DATA PROVIDED Block Start

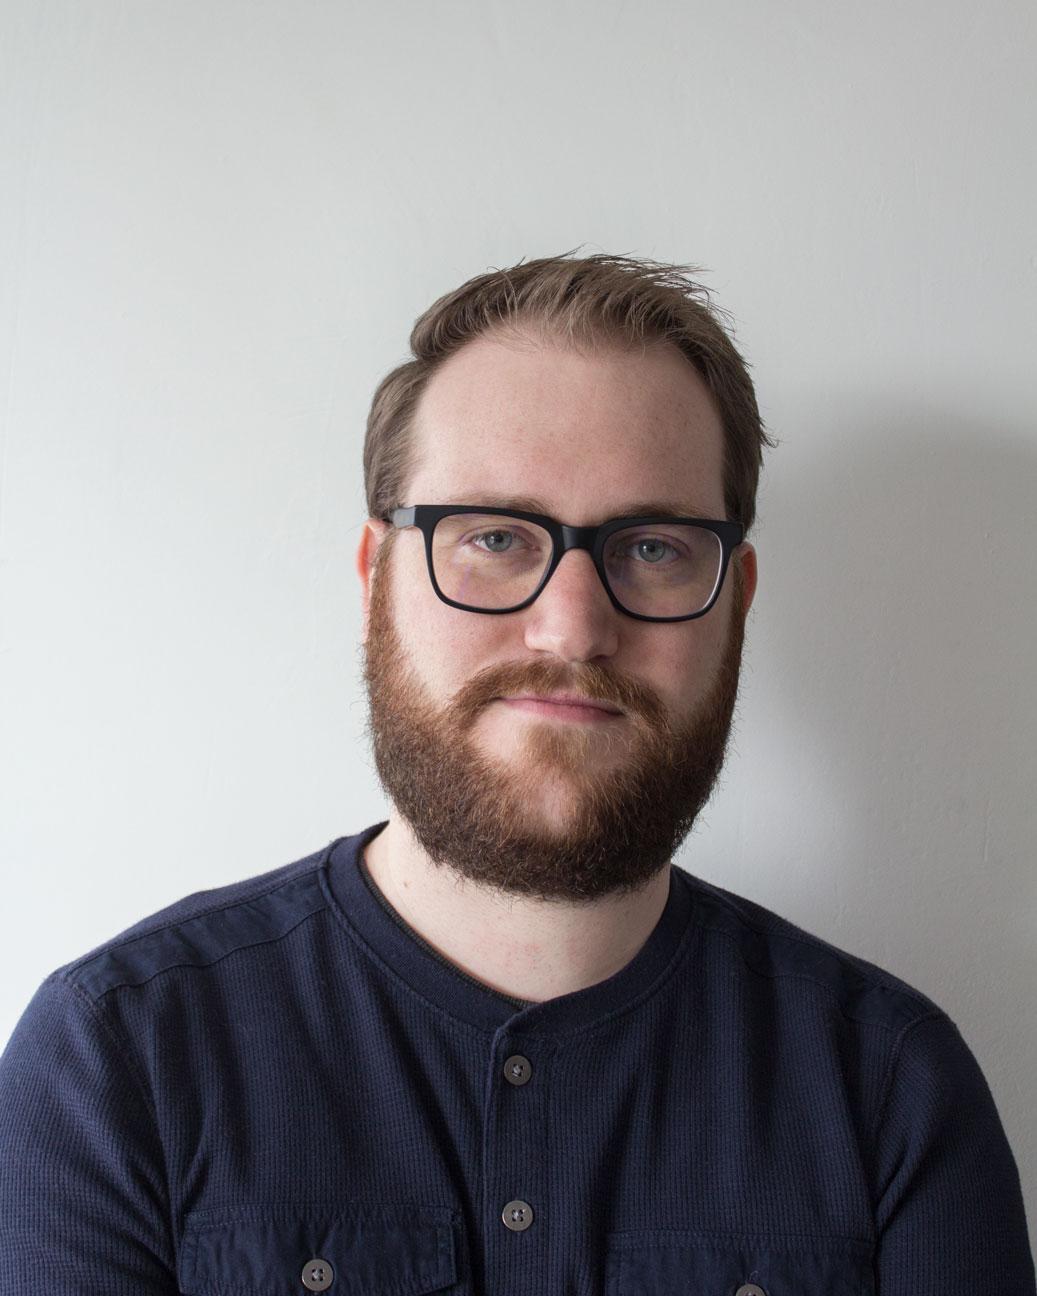 Roy - Roy Lardenoije, PhD - BioinformaticianResearchGate | NCBI | Email
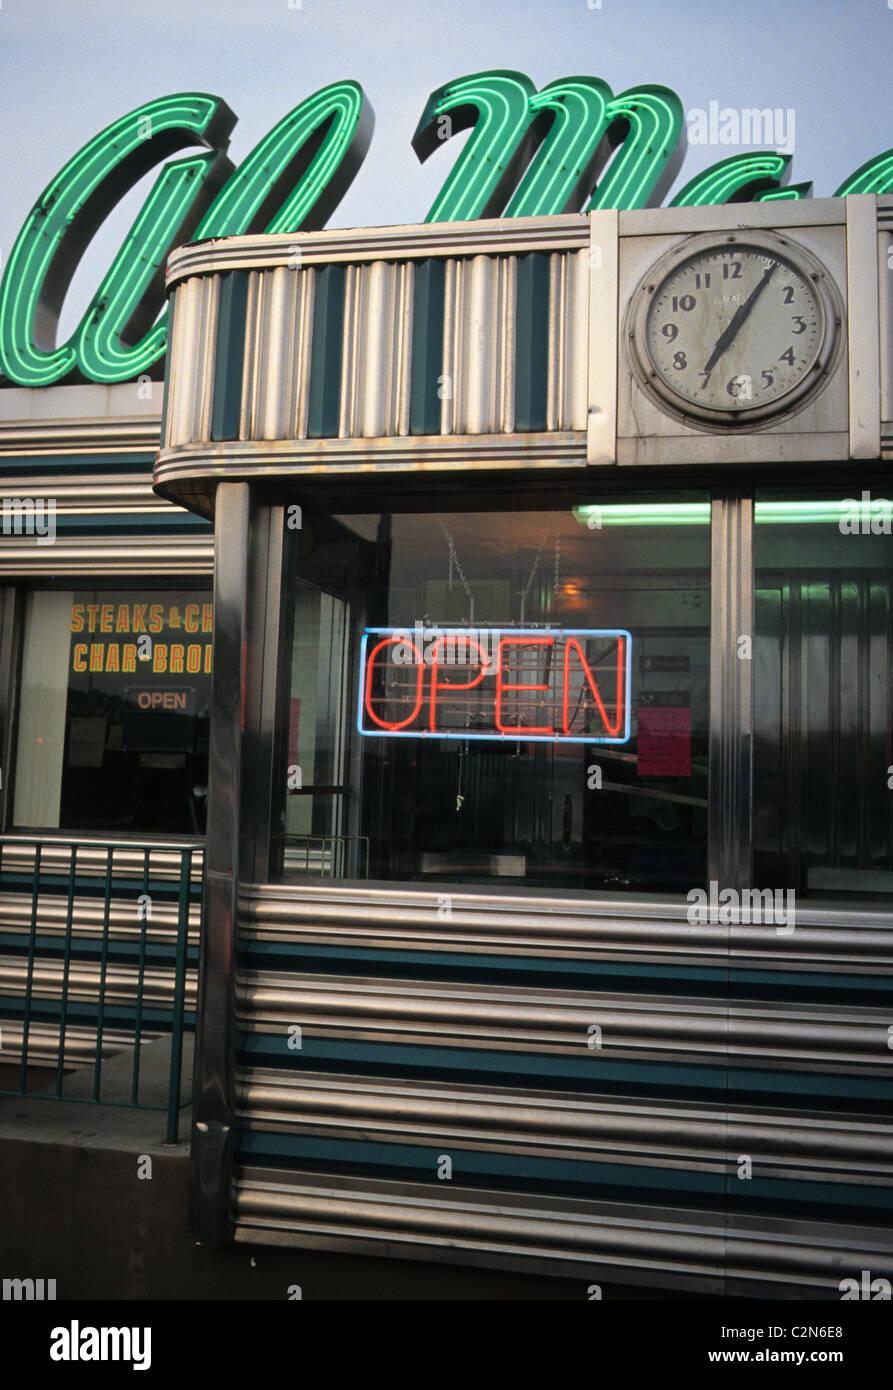 Al Macs Diner located in Fall River, Massachusetts  Clock
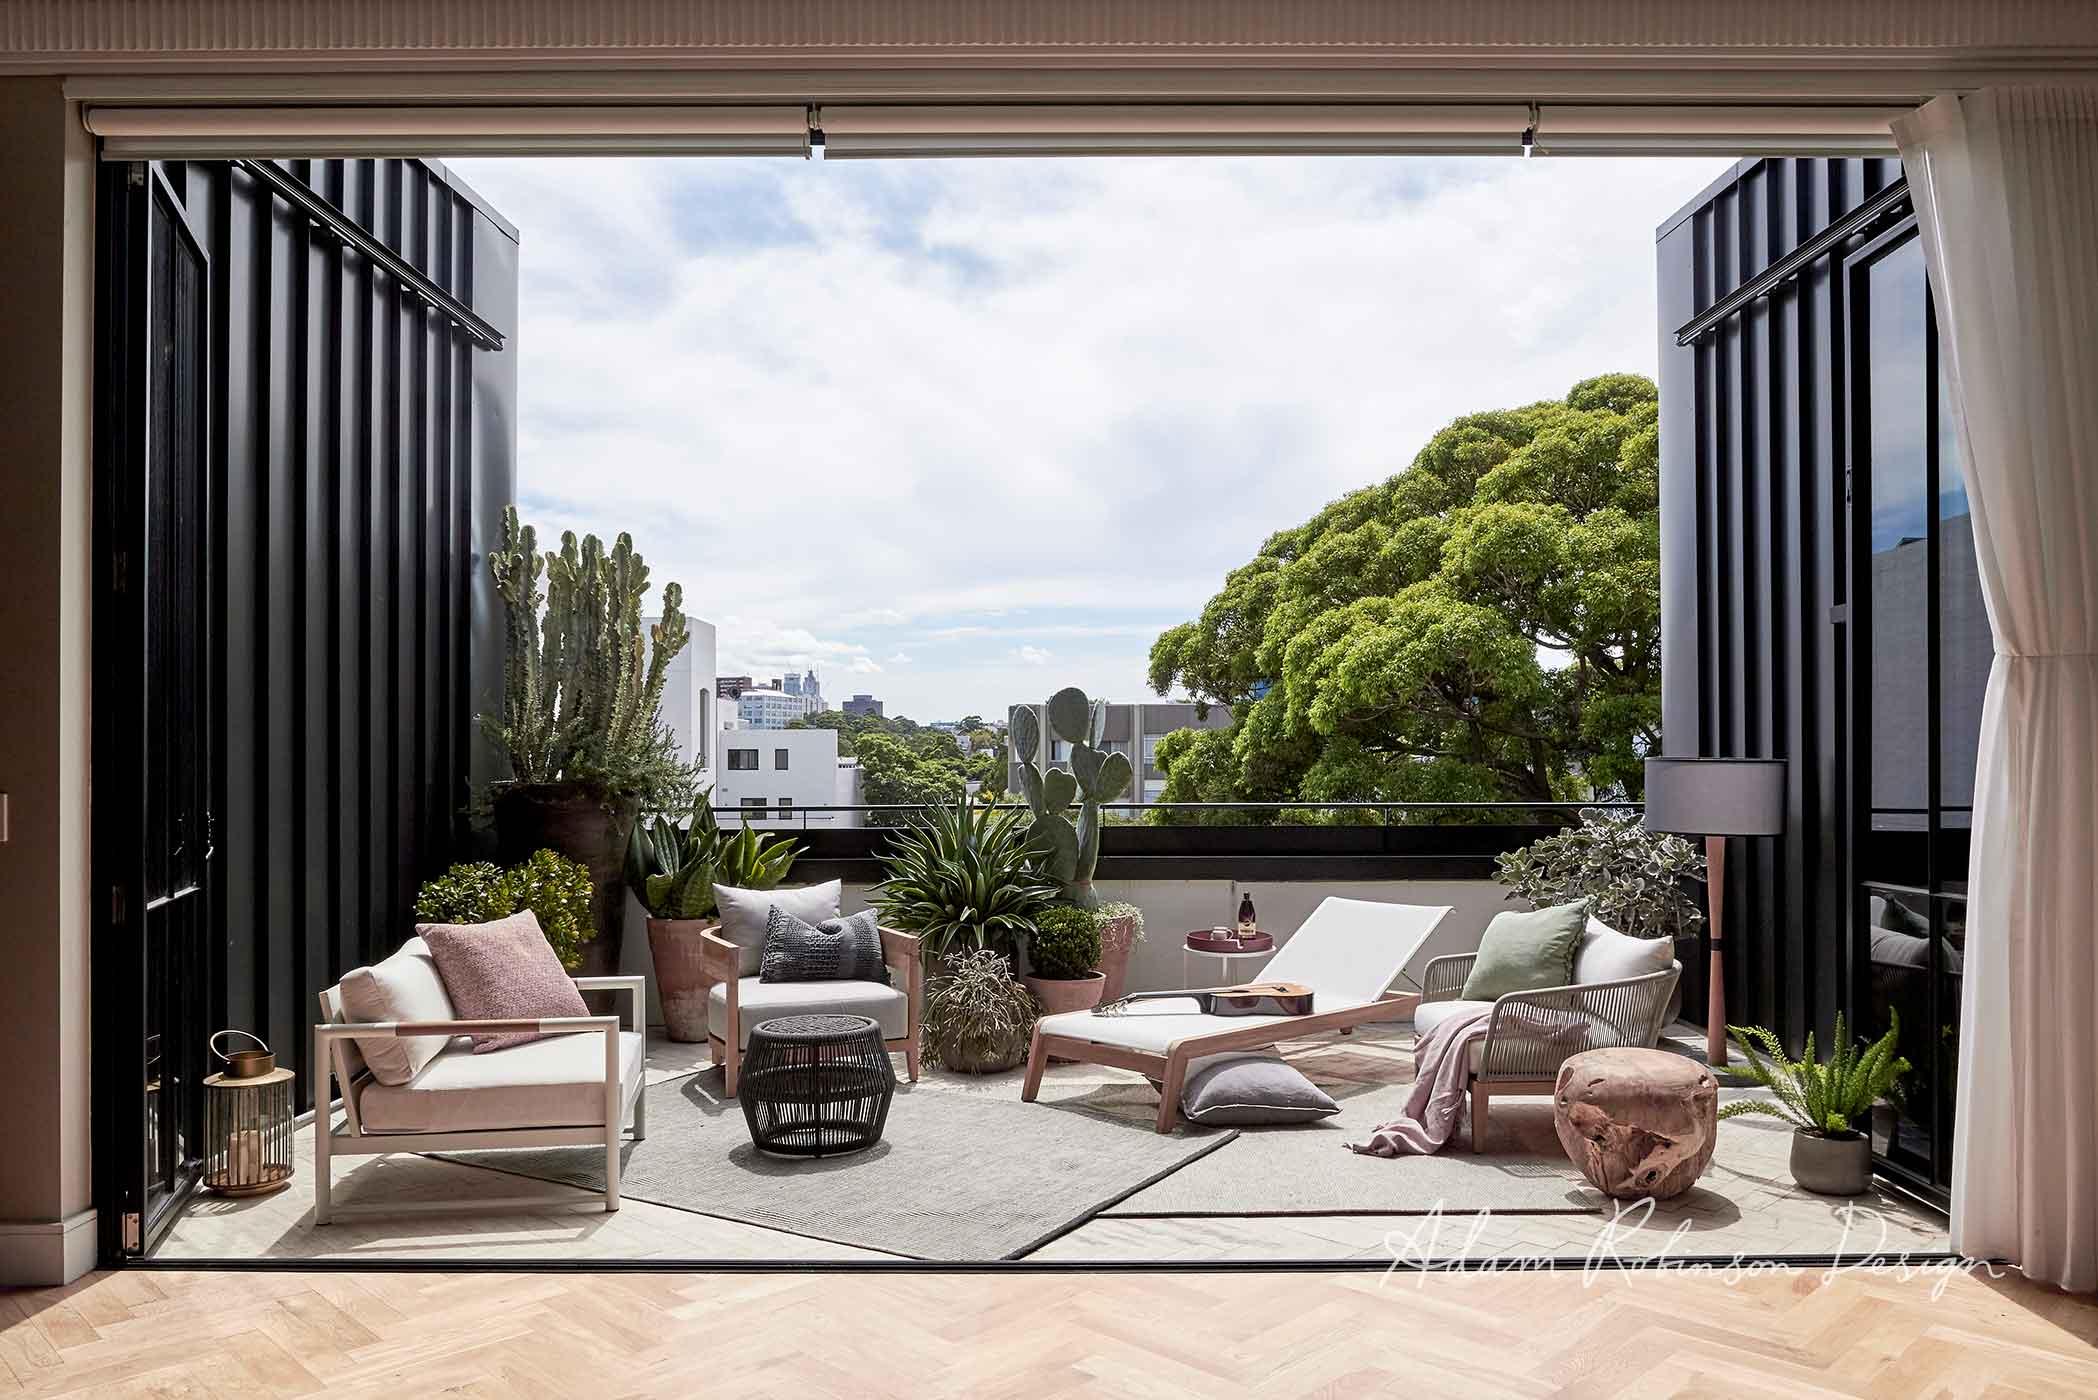 ©-Adam-Robinson-Design-Collaboration-Harbour-Outdoor-1976-One-Balcony-Four-Ways-Boho.jpg

DATA PROVIDED Block End

Return the full listing exactly as it appears above, without its pictures.

• [WRITTEN ANSWER]
 Roy - Roy Lardenoije, PhD - BioinformaticianResearchGate | NCBI | Email
 Al Macs Diner located in Fall River, Massachusetts  Clock
 ©-Adam-Robinson-Design-Collaboration-Harbour-Outdoor-1976-One-Balcony-Four-Ways-Boho.jpg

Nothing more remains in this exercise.